1.1.1.1 icon indicating copy to clipboard operation
1.1.1.1 copied to clipboard

resolving problems with systemd-resolved and dnssec enabled

Open wzrdtales opened this issue 3 years ago • 9 comments
trafficstars

I am not sure if cloudflare was aware yet, but systemd-resolved has major issues using 1.1.1.1 to resolve dns queries which are DNSSEC enabled. This seems to be very specific to 1.1.1.1 since systemd-resolved falls back to 8.8.8.8 which immediately gets processed.

Since there seems to be no other bug tracker for 1.1.1.1 I just drop this here in the hope that this might be fixed, until then I will have to switch all customers and all our devices back to 8.8.8.8, which I really tried to avoid :/

wzrdtales avatar Dec 20 '21 14:12 wzrdtales

Thanks for the report - let me check internally.

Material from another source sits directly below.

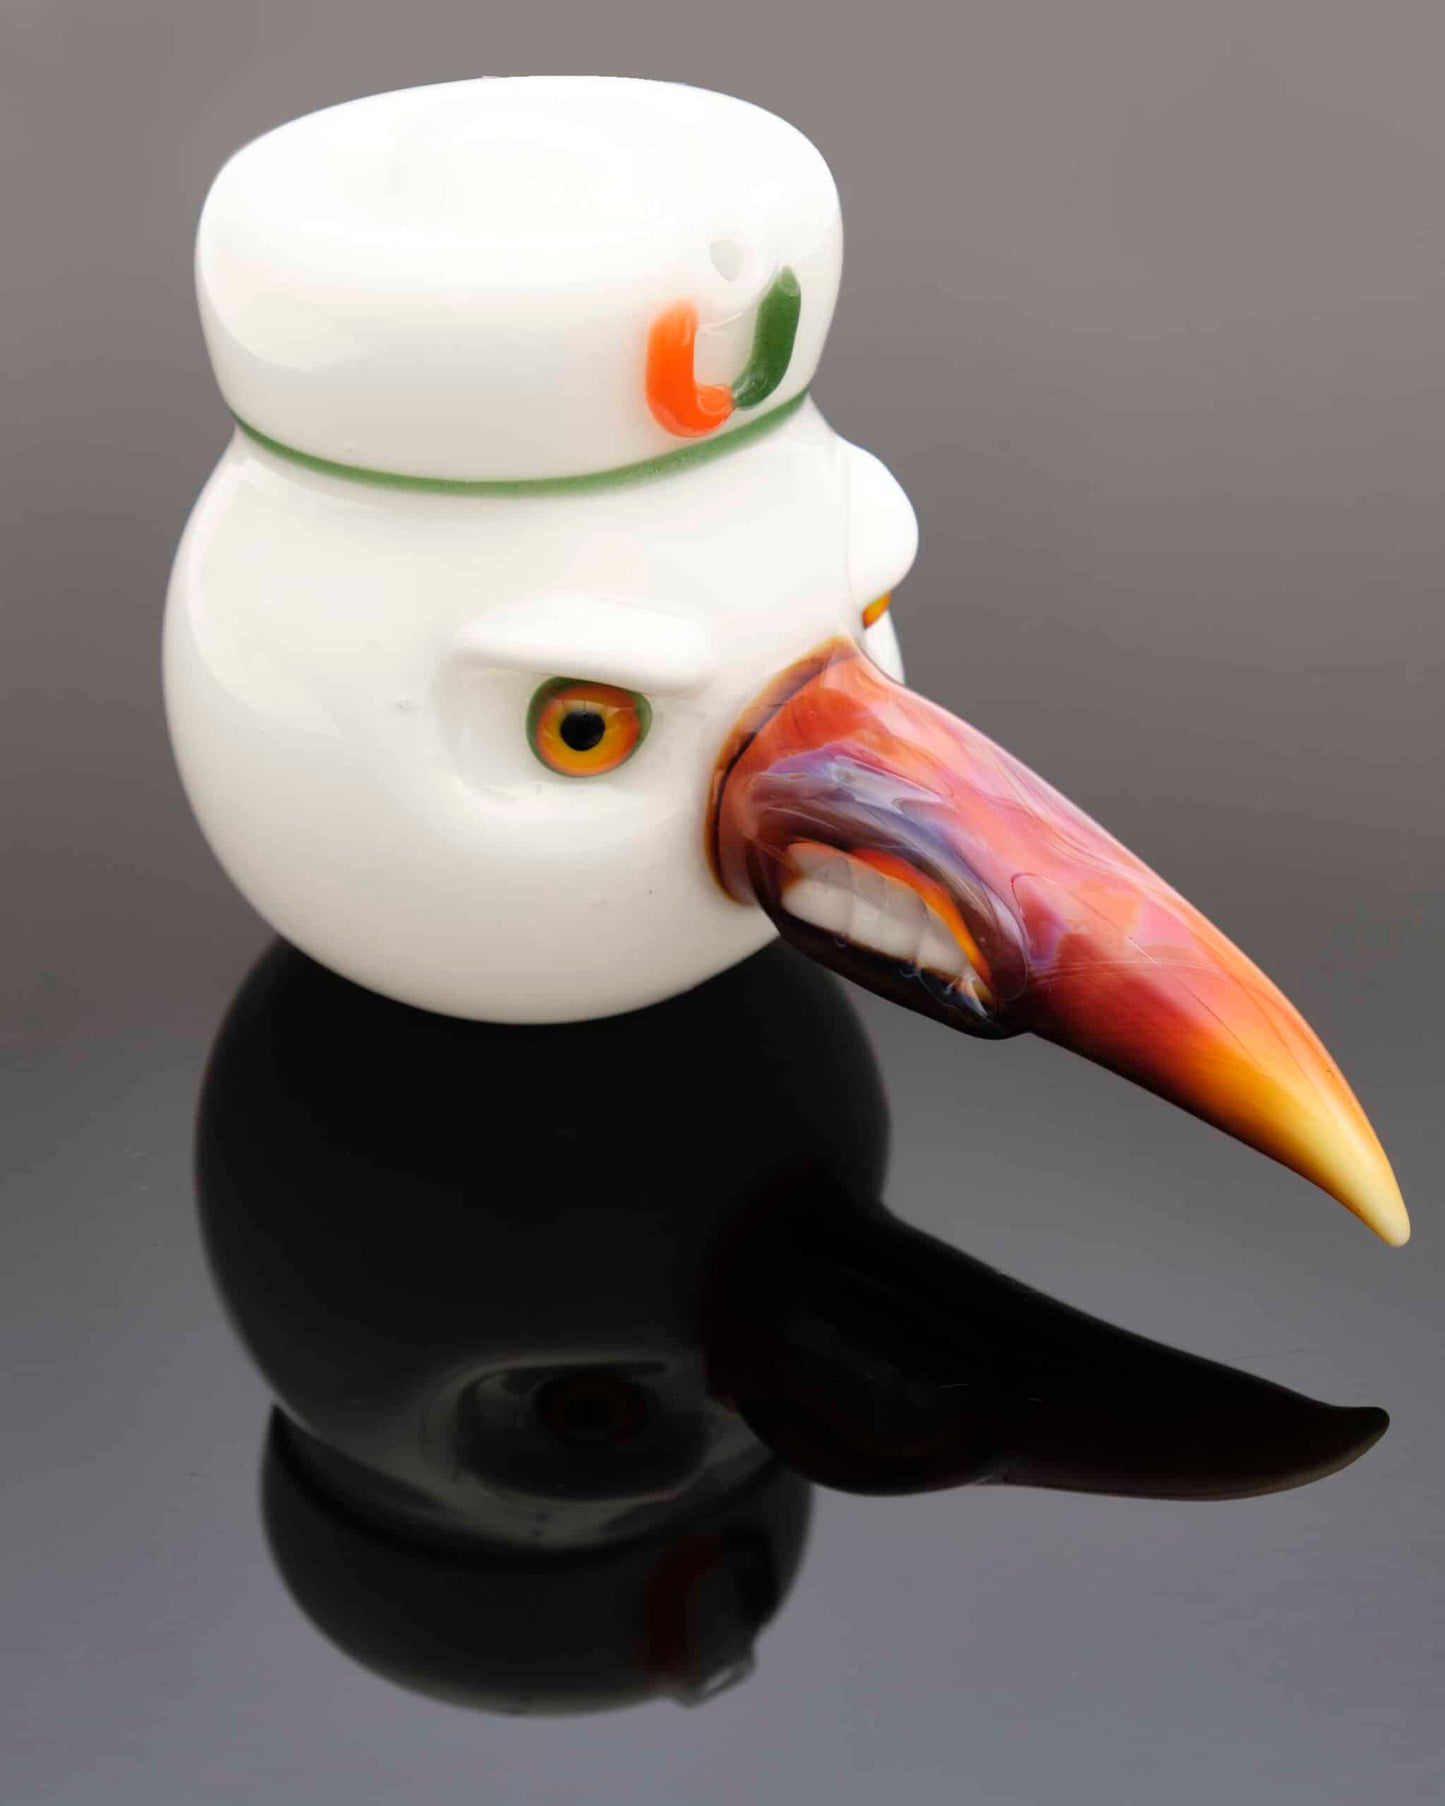 artisan-crafted design of the Sebastian Angry Bird Rig by Burtoni

We have a lot of Linux users on systemd-based systems, and I so suspect this is more specific to a version or config vs. systemd-resolved as a whole.

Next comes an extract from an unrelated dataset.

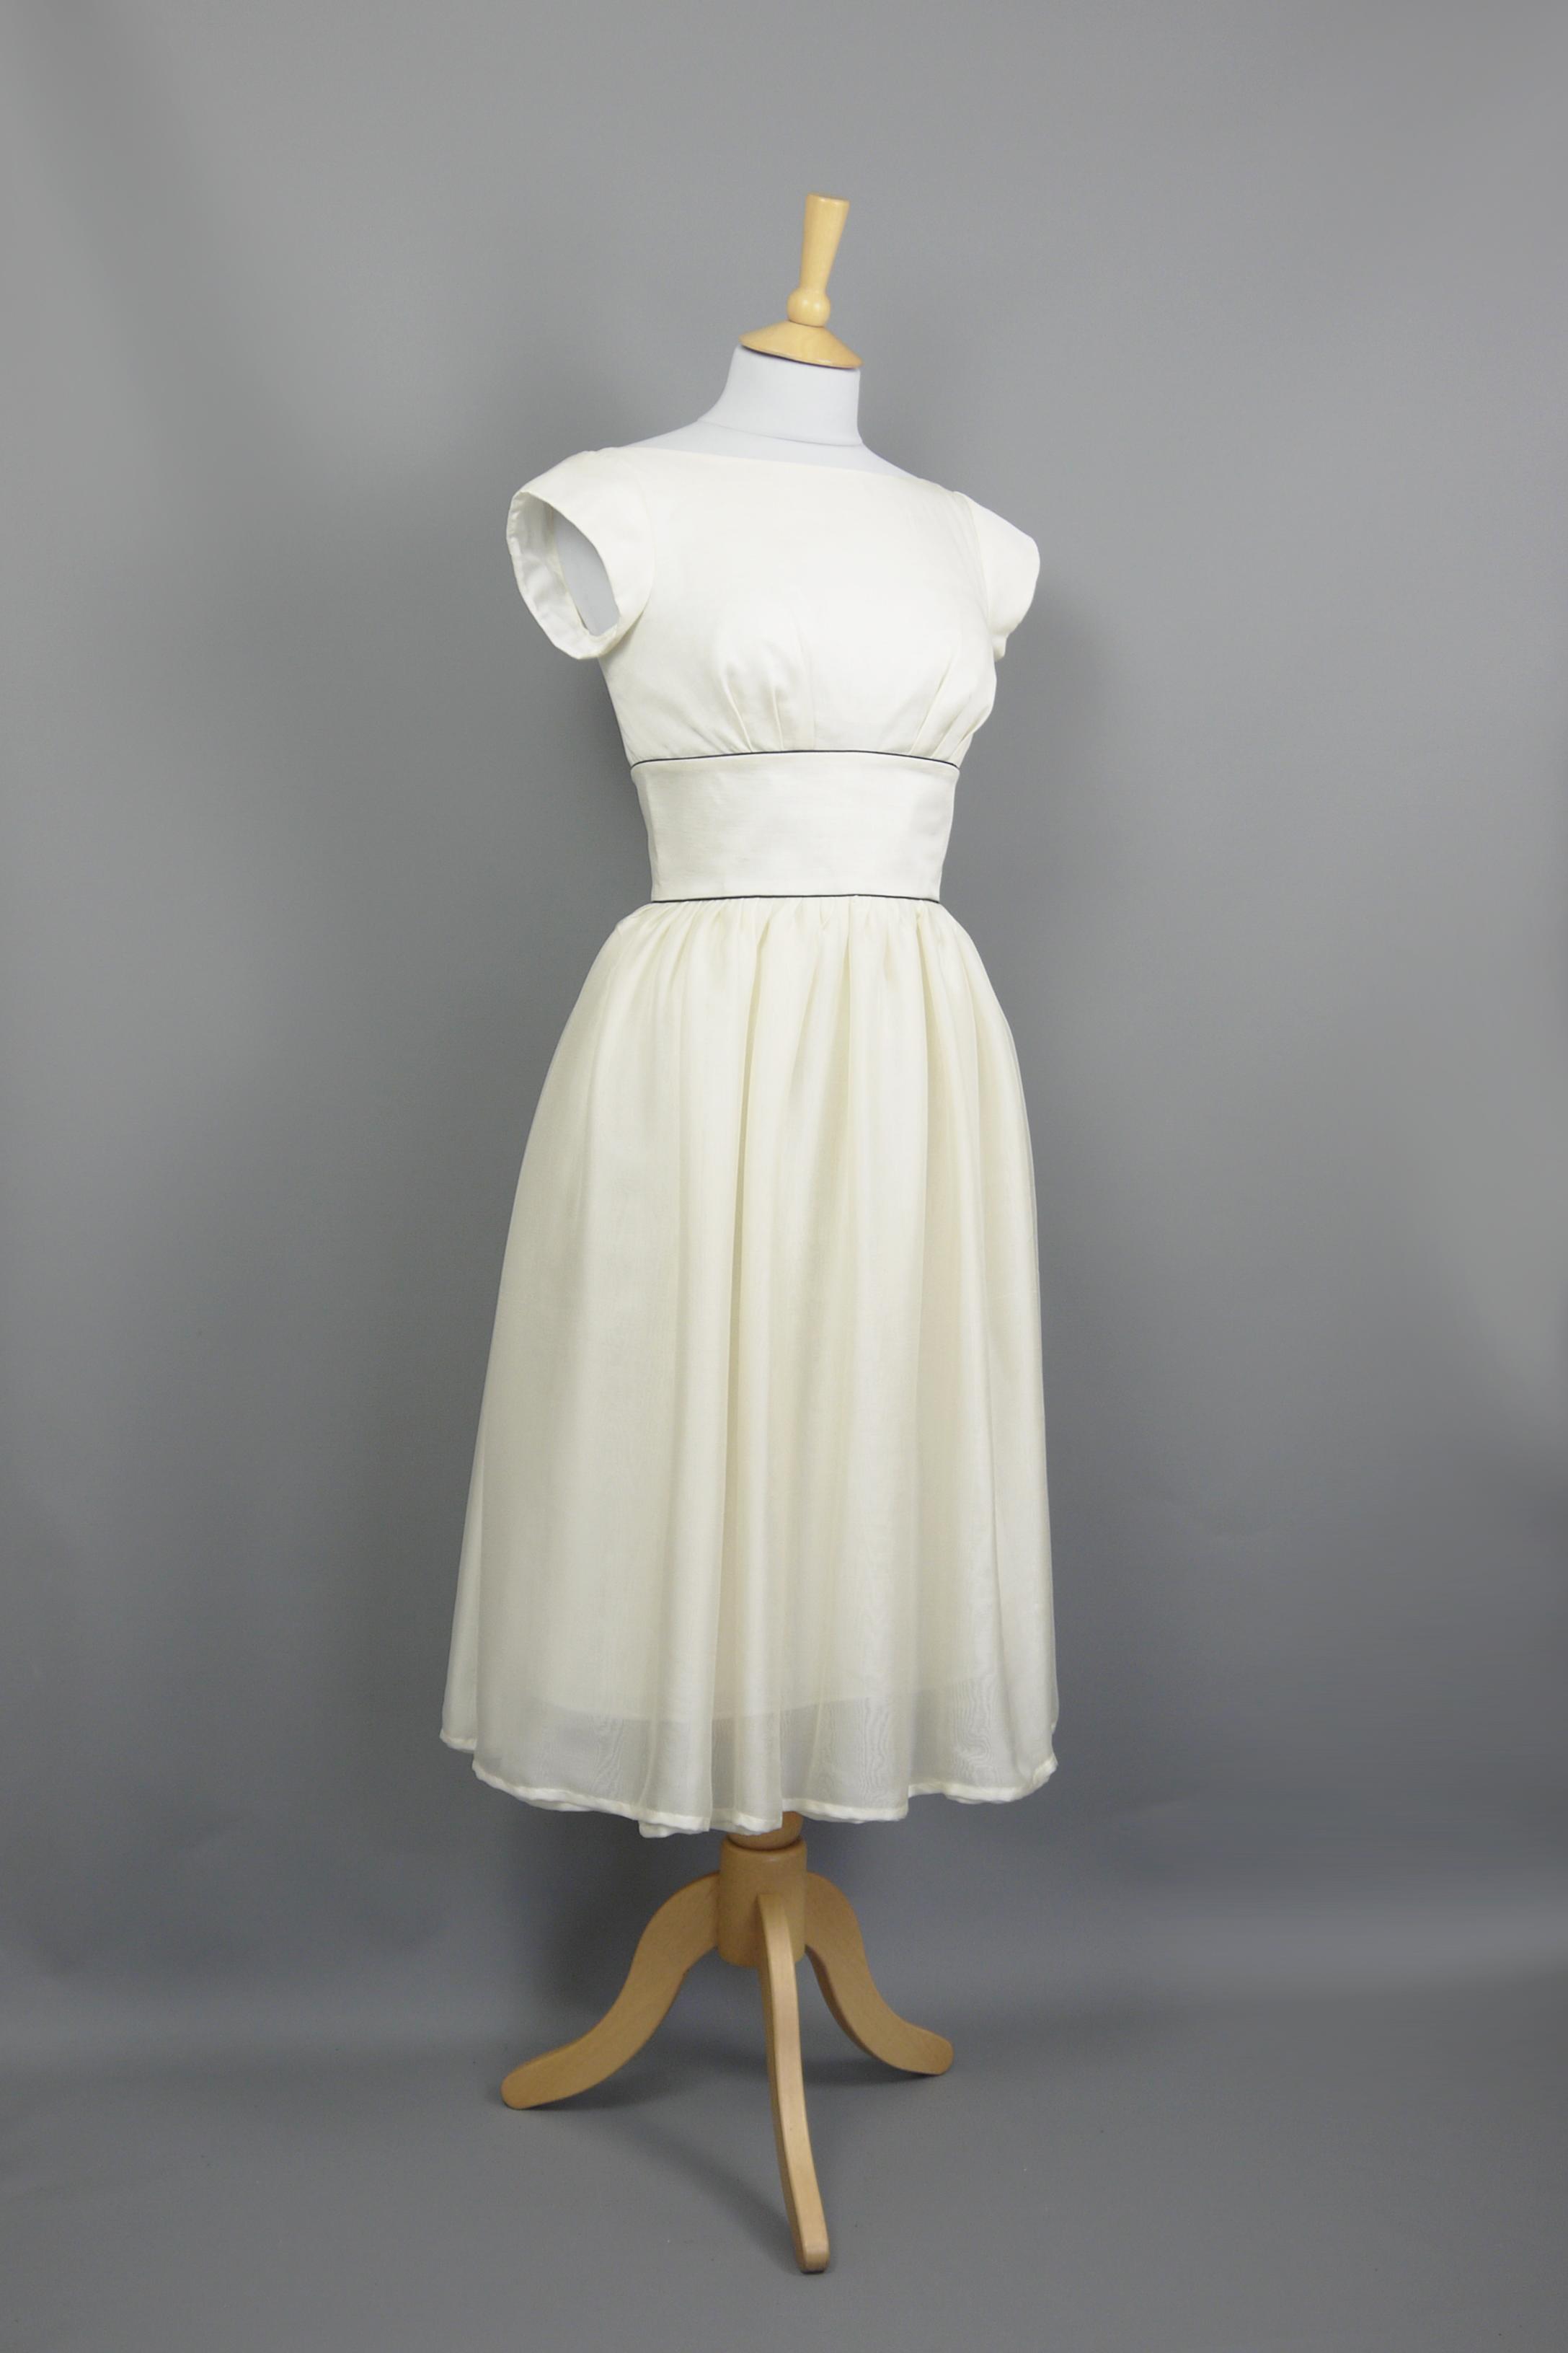 Paris Short 1940s Wedding Dress in Ivory Silk Chiffon

elithrar avatar Dec 20 '21 14:12 elithrar

I also assume you are using the WARP desktop client, or do you mean "1.1.1.1 over plaintext DNS" - the latter which would be more surprising.

8.8.8.8 is also a DNSSEC validating resolver.

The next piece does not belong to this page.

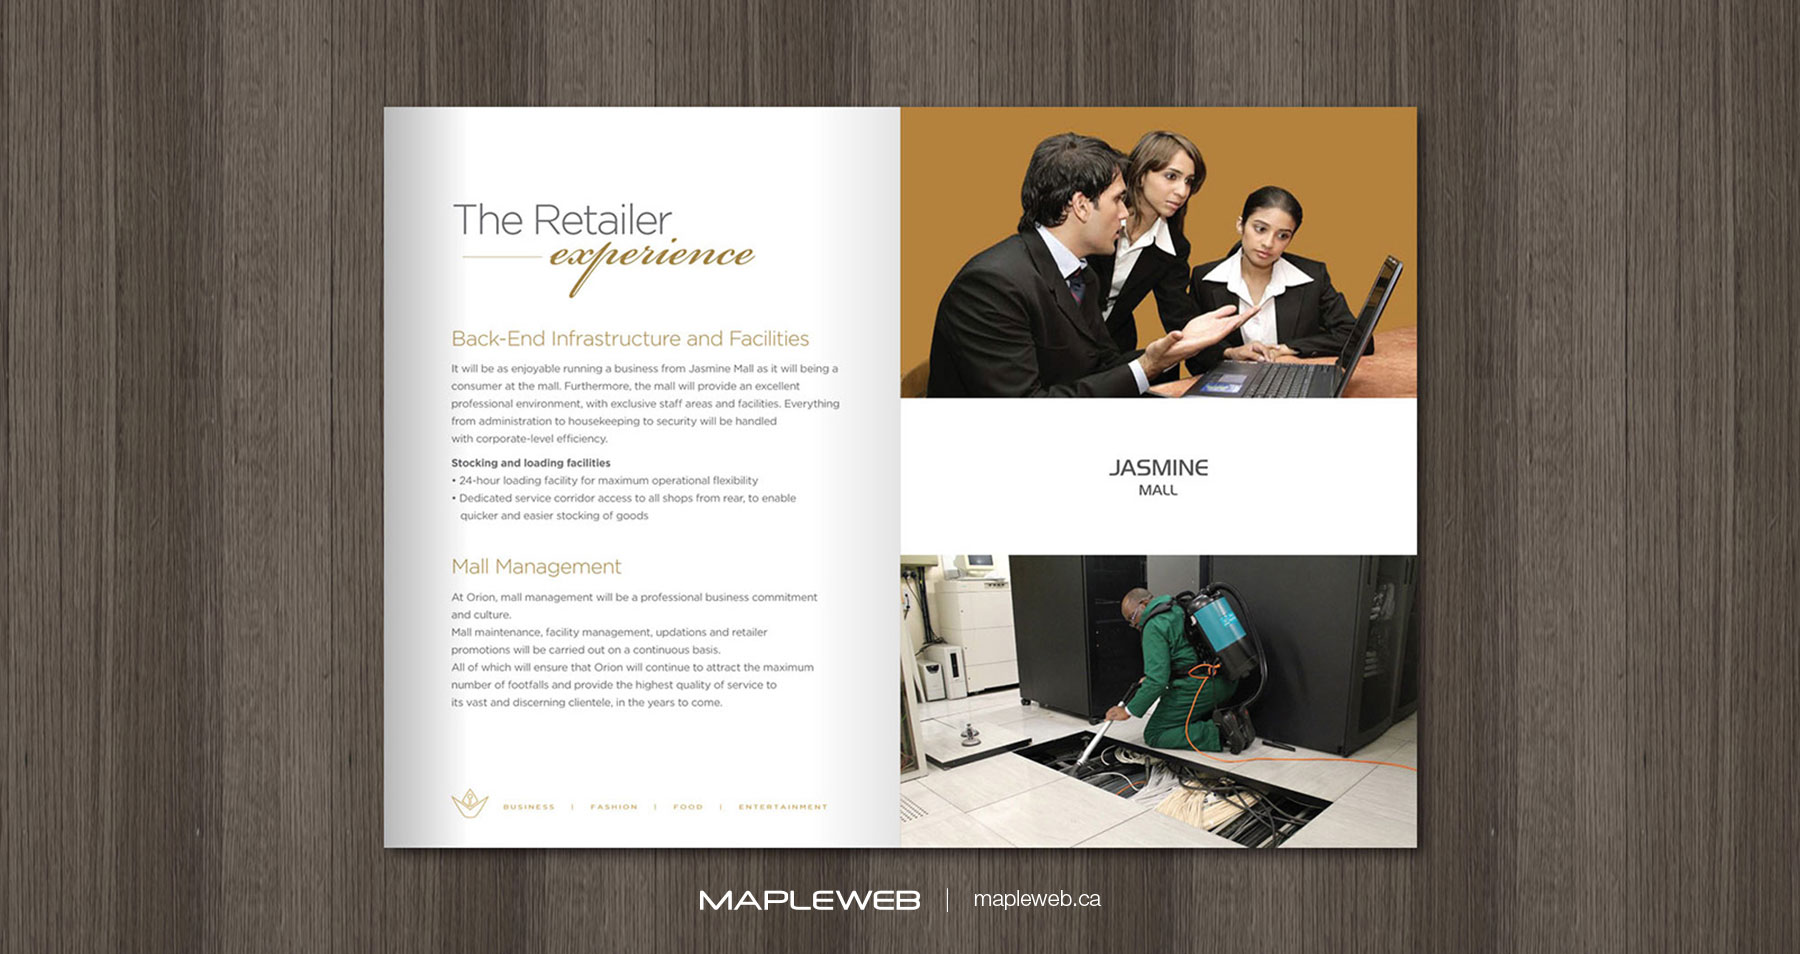 Jasmine Mall Brand design by Mapleweb Brochure Displaying Staff Discussing

@wzrdtales - can you provide sample output that describes the "problems" you are encountering? A dig with 8.8.8.8 and 1.1.1.1 for affected domains will help here.

elithrar avatar Dec 20 '21 14:12 elithrar

Also, what linux distro are you using?

Noah-Kennedy avatar Dec 20 '21 14:12 Noah-Kennedy

ahhhh well no, the desktop client has nothing to do with that and the assumption is wrong. again: systemd-resolved is the component we talk about and this is true for servers without any desktop as well. It is not about 8.8.8.8 being a dnssec validating resolver, it is about the end user component (which is the only important thing that the end user client validates not a dns that can be faked (see russian dns redirection)). And here for some reason there are well known problems with 1.1.1.1

Details about me though:

Were it doesn't work?

  • Everywhere where systemd-resolved and dnssec validation is activated for it (Arch Linux, Ubuntu 20.04, 21.04, SLES, just to name a few of the distros in use)
  • specific to DE? no

wzrdtales avatar Dec 20 '21 14:12 wzrdtales

see commentary in older threads (https://bbs.archlinux.org/viewtopic.php?id=240427), as said the problem with cloudflare dns is known for quite some time, but seems no one ever reported it to cloudflare itself.

Here another thread, which tried to go more into debugging it:

https://bbs.archlinux.org/viewtopic.php?id=262926

Indeed I can also confirm: systemd-resolved tries until the timeout on cloudflare and then switches over to google to finally really resolve. What exactly the issue is: no idea yet, there were some assumptions in the last mentioned thread, but I doubt they were validated.

wzrdtales avatar Dec 20 '21 15:12 wzrdtales

@wzrdtales - can you please provide logs of failing queries via systemd, so we can better understand the failure mode here, and reproduce 1:1 - ?

It is likely that other resolvers are falling back to insecure mode as a "workaround" (favoring availability over security).

Specifically:

  1. Does this impact every DNSSEC-enabled domain, or just some?
  2. If it is just some, can you provide logs/failing query output - via dig - to show the failure mode here?
  3. We suspect it may be similar to https://community.cloudflare.com/t/sites-that-are-aliased-to-ec-azureedge-net-cannot-be-resolved-if-dnssec-is-on/94282 - which is related to a bug in how systemd-resolved handles DNSSEC validation.

elithrar avatar Dec 20 '21 15:12 elithrar

Does this impact every DNSSEC-enabled domain, or just some?

as far as I could test every including i.e. google.com, but also domains that use cloudflare dns, i.e. our own homepage wizardtales.com is affected as well. So pretty much everything (my guess)

If it is just some, can you provide logs/failing query output - via dig - to show the failure mode here?

there is no failure mode shown there b/c systemd-resolved falls back to googles dns servers after failing on cloudflare. so it will resolve but it takes like 10 seconds until it does (b/c of the timeout)

Here is a log (will be deleted within 24 hours so please download it :) ), which resolves a domain that is on cloudflare dns itself (so no foreign errors to be expected) and tries until it finally fails over to google who does the job immediately.

https://0bin.net/paste/8S0F5r9T#o9qZNC-2MCjqAehhdrjYL8B58Bfx9moFWfEwWsUxPFQ

wzrdtales avatar Dec 20 '21 19:12 wzrdtales

btw. don't get confused, it says switching to 8.8.8.8 at the very beginning, this is b/c of the global override, however the interface setting has priority which is 1.1.1.1 which is what it starts the resolv trial. if you want i can send you a log of a only 8.8.8.8 resolve that is just working.

wzrdtales avatar Dec 20 '21 19:12 wzrdtales

hitting up again, anything I can help with? nothing changed until now

wzrdtales avatar Apr 03 '22 16:04 wzrdtales